# Chipmunk



## Clutchcargo (Mar 31, 2007)

How do I get a highly elusive chipmunk out of the house? I don't want to kill it but I need it out.


----------



## Red Squirrel (Jun 29, 2009)

Find where it's coming from and seal it good. If a chipmunk fits, think what else could fit too (lot of bugs, snakes, mice etc). 

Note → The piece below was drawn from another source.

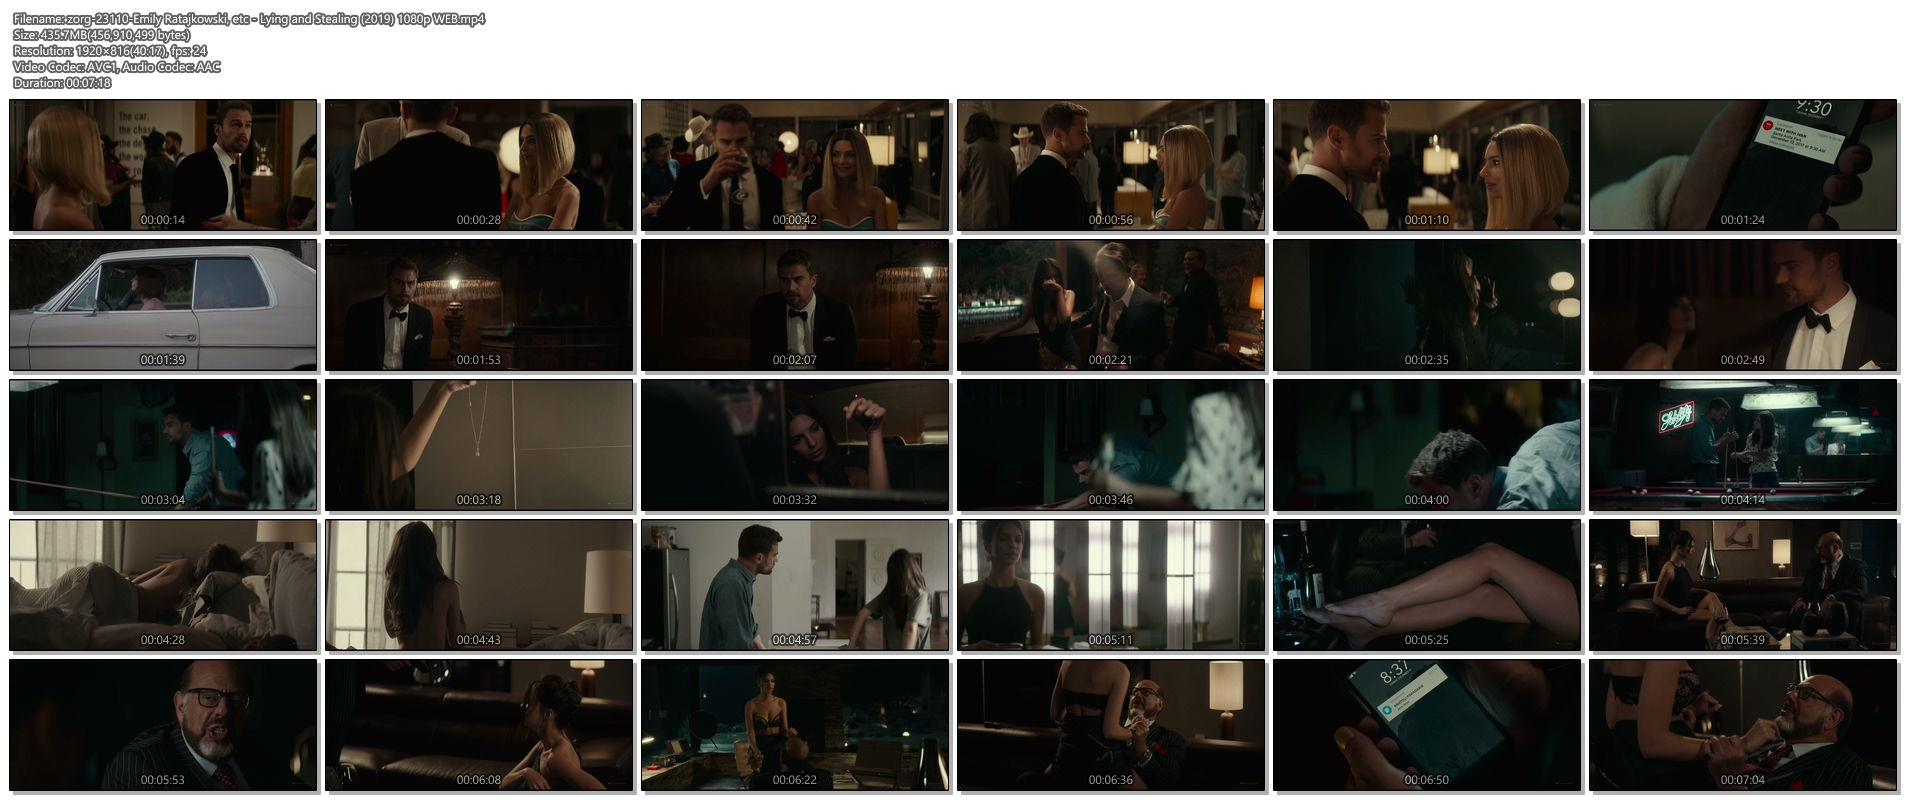 Emily Ratajkowski hot sideboob - Lying and Stealing (2019) 1080p WEB (1)

They are fast buggers, but tend to go for the nearest exit, so open a door and chase it out. Feed it peanuts outside every day, he'll get used to getting food at that same spot all the time and might be less reluctant to try going in the house. Tamed chipmunks are awesome to have around, they are fun... and they eat bugs.


----------



## Scuba_Dave (Jan 16, 2009)

One went into my basement when I had the door open
I put a board going back up the outside steps
I then used music, noise, firecrackers to convince him to leave
I used boxes to slowly close off the basement & force him into the area by the door

Is he in the house..basement etc ?


----------



## DUDE! (May 3, 2008)

they sell Have-a-heart traps for small animals. I'd let you borrow my cat but you already said you don't want to hurt the little guy.


----------



## Clutchcargo (Mar 31, 2007)

Got him, he was living here for a few days as evidenced by my apples. I had no idea where he was though.
I set up the Havahart trap and at 6 this morning I was awoken by snap of it. I drove him up to the Middlesex Fells at the end of the street.


----------



## sandal82 (Jul 11, 2010)

Clutchcargo said:


> Got him, he was living here for a few days as evidenced by my apples. I had no idea where he was though.
> I set up the Havahart trap and at 6 this morning I was awoken by snap of it. I drove him up to the Middlesex Fells at the end of the street.



to the end of the street...? not your street i hope:laughing: cause he will surely be back.. make sure you close up where he was getting in, because if he dont come back, another one will and it WILL find that hole..:thumbup:


----------